Comment 11 IBM Bug Proxy 2011-04-19 20:52:51 UTC
------- Comment From tpnoonan.com 2011-04-19 16:44 EDT-------
Hi Red Hat. Once fixed in rhel6.2, please consider for rhel6.1.z. Thanks

Comment 12 IBM Bug Proxy 2011-04-20 20:12:14 UTC
------- Comment From linuxram.com 2011-04-20 16:04 EDT-------
This is a blocker bug. It ***cannot be deferred**** to 6.2 since it is a key feature targeted for 6.1.

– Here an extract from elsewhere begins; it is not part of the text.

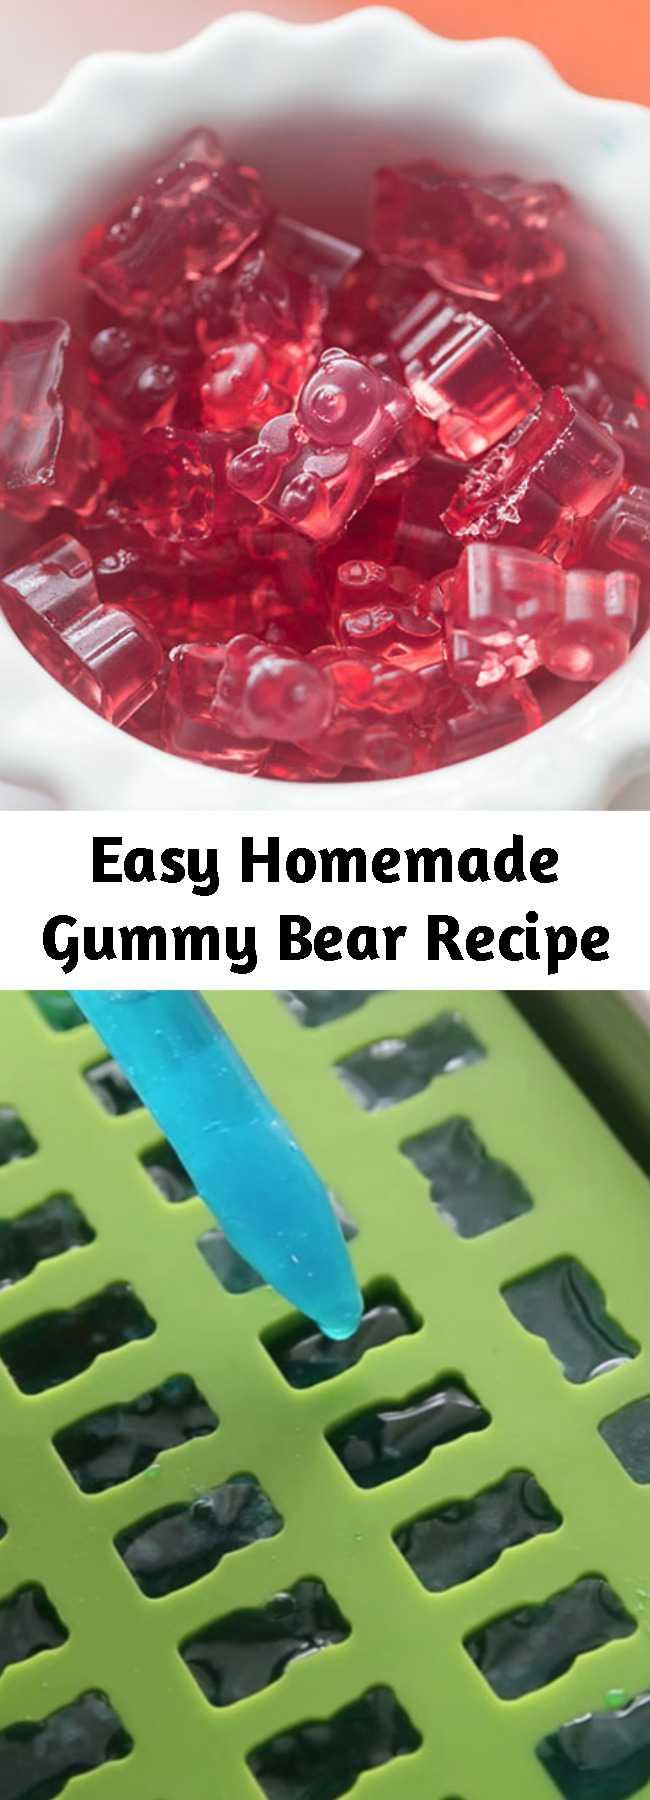 Easy Homemade Gummy Bear Recipe - This homemade gummy bear recipe is so easy to make! Kids will love helping to make their own gummy bear treats. 2 ways to make them: Gummy Bear Recipe with Jello and Gummy Bear Recipe with Gelatin and Real Fruit Juice #recipes #kidsrecipes #snacks #treats

BTW: the problem does not exist with upstream kernel. We are in the process of identifying the patch that fixes the problem.

RP

Comment 13 IBM Bug Proxy 2011-04-26 02:01:37 UTC
------- Comment From linuxram.com 2011-04-25 21:55 EDT-------
We, John and myself, started diving deeper to narrow down the patch that fixed the problem upstream. After some 25-30 different iterations with incremental changes, git-bisects, mix-and-match of upstream driver with rc4 kernels etc, suddenly the problem disappeared. We can neither reproduce the problem on rc2 nor on rc4....... We are now scratching our heads to discover a theory that can explain this mystery...

Stay tuned.  BTW: I have no reason to say this bug as a blocker any more.

Comment 14 RHEL Program Management 2011-10-07 15:31:05 UTC
Since RHEL 6.2 External Beta has begun, and this bug remains
unresolved, it has been rejected as it is not proposed as
exception or blocker.

Red Hat invites you to ask your support representative to
propose this request, if appropriate and relevant, in the
next release of Red Hat Enterprise Linux.

Comment 15 Ivan Vecera 2011-10-12 12:06:09 UTC
Any news?

Comment 16 IBM Bug Proxy 2011-10-12 15:41:36 UTC
------- Comment From whetzel.com 2011-10-12 11:39 EDT-------
This bug was closed on the IBM side due to our inability to reproduce the issue after multiple attempts.